# Stuff on glass not rocks...



## predator (Jan 28, 2005)

Hey guys my glass (which really needs cleaning) seems to be growing more stuff than my rocks... specifically what seems to be feather dusters (small coiled shell looking things with fans comming out) and some small lil tree trunk like blobs... but none of this stuff seems to be growing on rocks...

I really dont want to clean my glass and kill them all, but i know im gonna have to eventually scrape them off... but y are they growing quite well ont he glass but my rock seems to be quite barren?

-me


----------



## TheOldSalt (Jan 28, 2005)

Simple. Your glass isn't crawling with critters that eat the baby worms, unlike your rocks.

If you are very careful, you can fairly easily scrape off the worms from the glass with a thin razor blade and relocate them.


----------



## predator (Jan 28, 2005)

just turn off the pumps, scrape them off, and sprinkle them over the rocks?

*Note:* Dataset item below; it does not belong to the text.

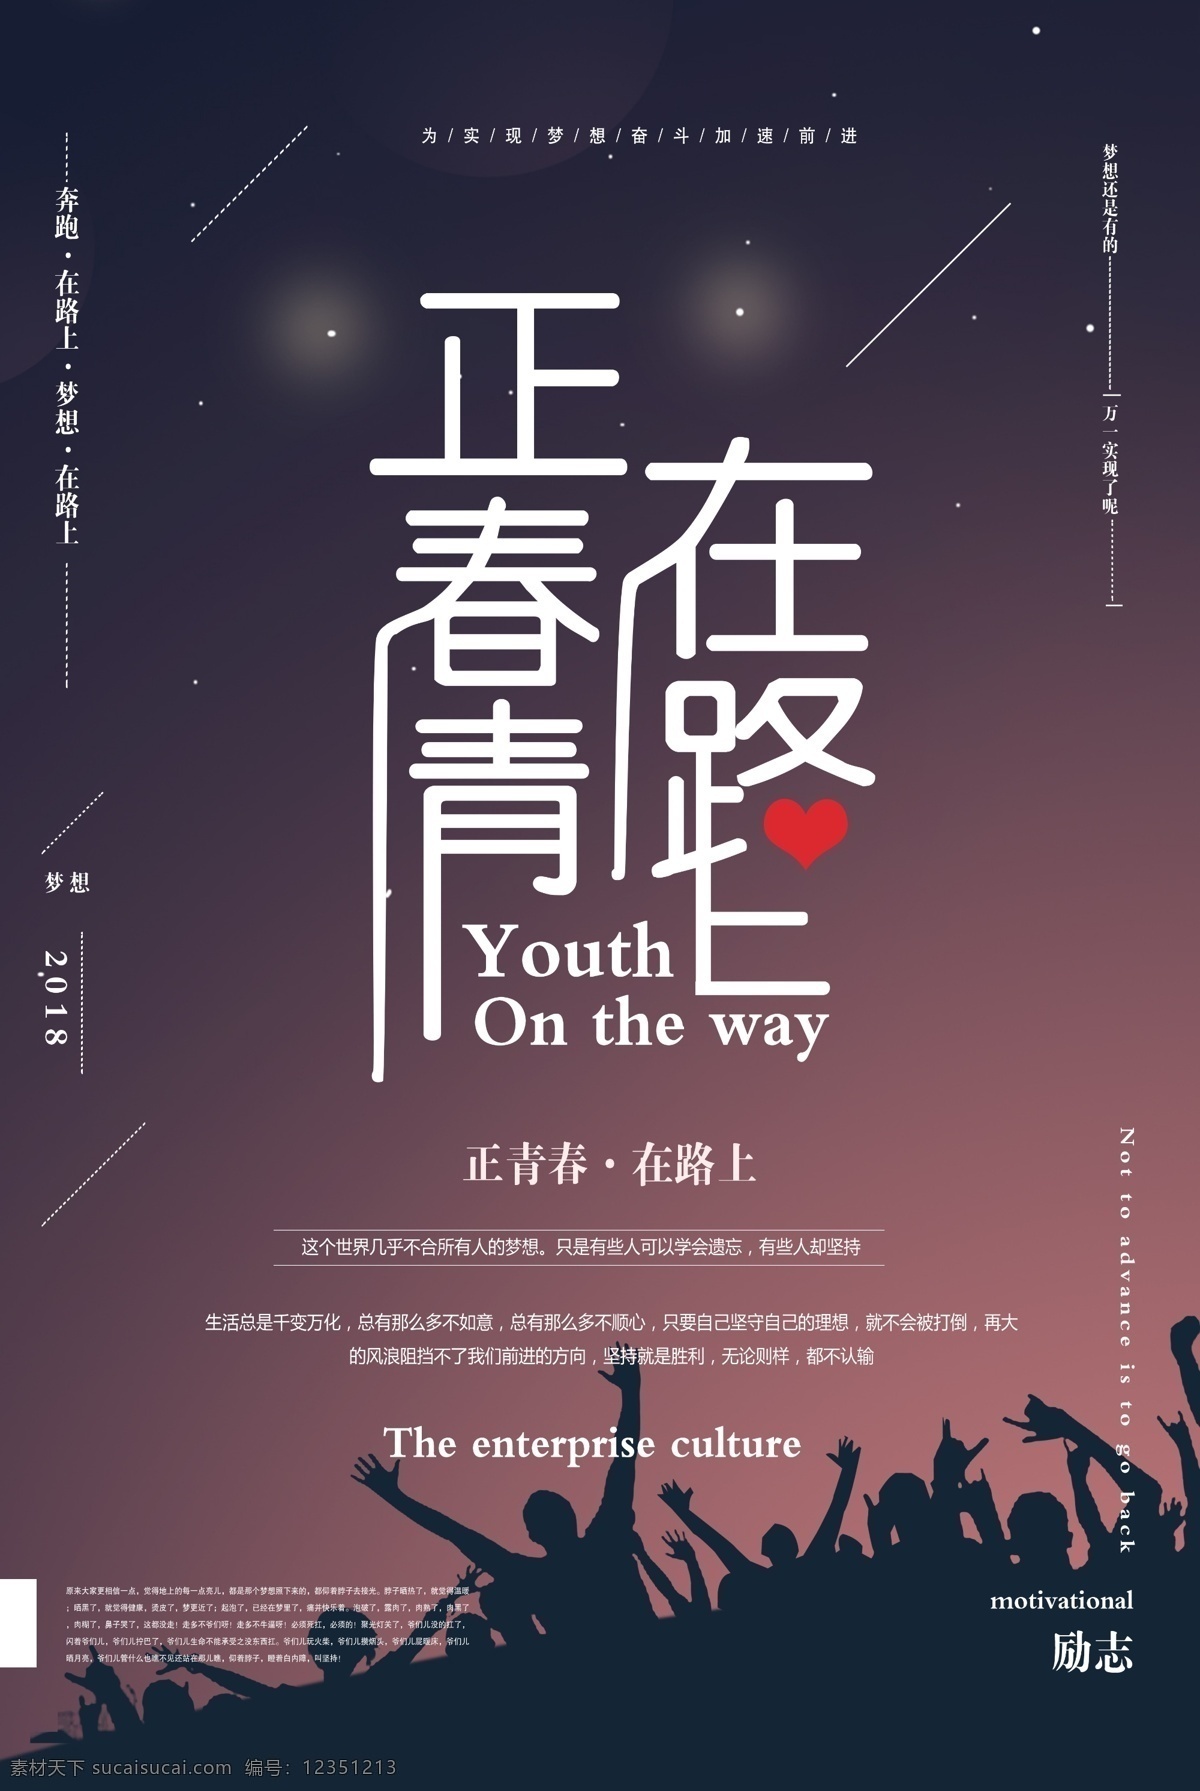 正青春在路上 海报 商业 宣传 正能量 励志 青春 早安 晚安 鸡汤 文案 正能量早晚安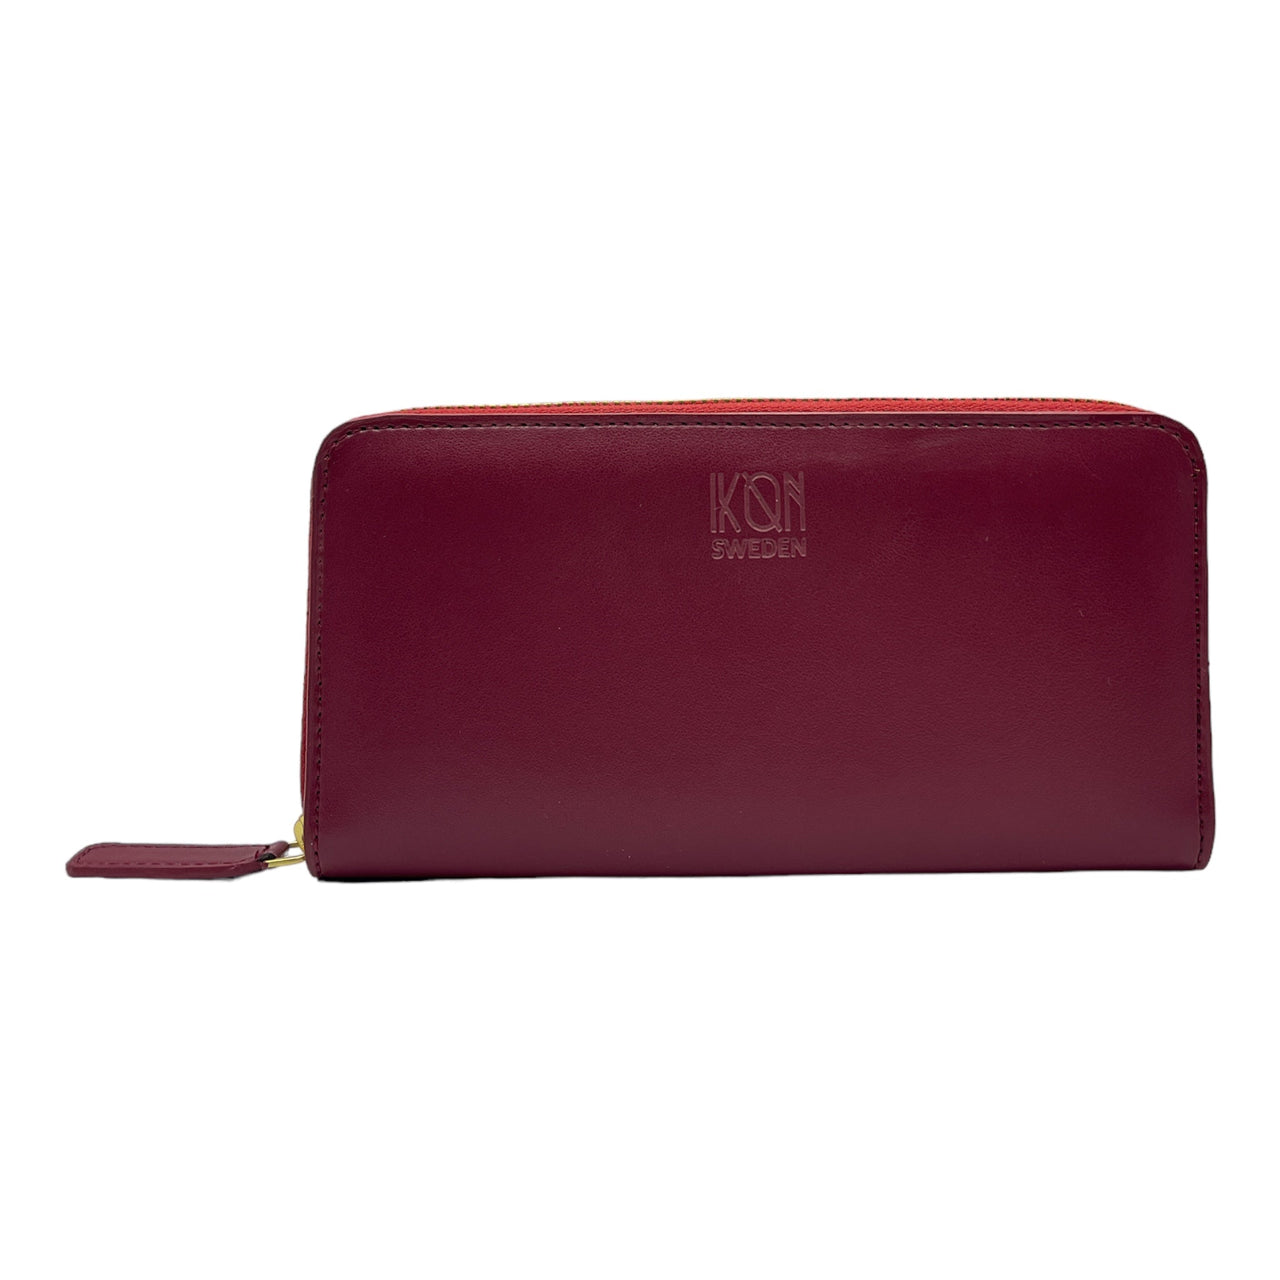 Kivik | Apple Leather Long Zip Wallet - Wine Red-5

almost sounds too easy... wont they just get eaten?

-me


----------



## oliesminis (May 7, 2007)

not sure but they may do if they do there may be more?

-olie


----------



## TheOldSalt (Jan 28, 2005)

Well, you'd want to put them somewhere safer, of course, like in a separate dish in the tank or a 'fuge with no rocks.
On the other hand, they may be big enough now to avoid predation. The ones on the rocks were picked off as soon as they settled, probably, and never got a chance to grow. The big ones may be able to make it.


----------



## predator (Jan 28, 2005)

ok so my crabs are the eaters then?

when i redo the tank after it is drilled ill keep the crabs and snails out of the tank for a few days and try to get some to take hold... though im pretty sure they are all too small even now to have much of a chance...

this is a bit frustrating since i really dont have much that seems to be growing and my glass is covered... Hopefully just a few days without predators will get some life going... but i will have a fuge on the new setup so that will let me see all the stuff that would be growing if i didnt have eaters in the main tank...

-me


----------



## CollegeReefer (Sep 1, 2006)

Anthony Calfo writes that when you first start a tank you should not add any livestock except small cuc for a year so that all of the great little microfauna can get established before fish come in and eat them all. I may give this a try when i start my new 75 but well we will see.


----------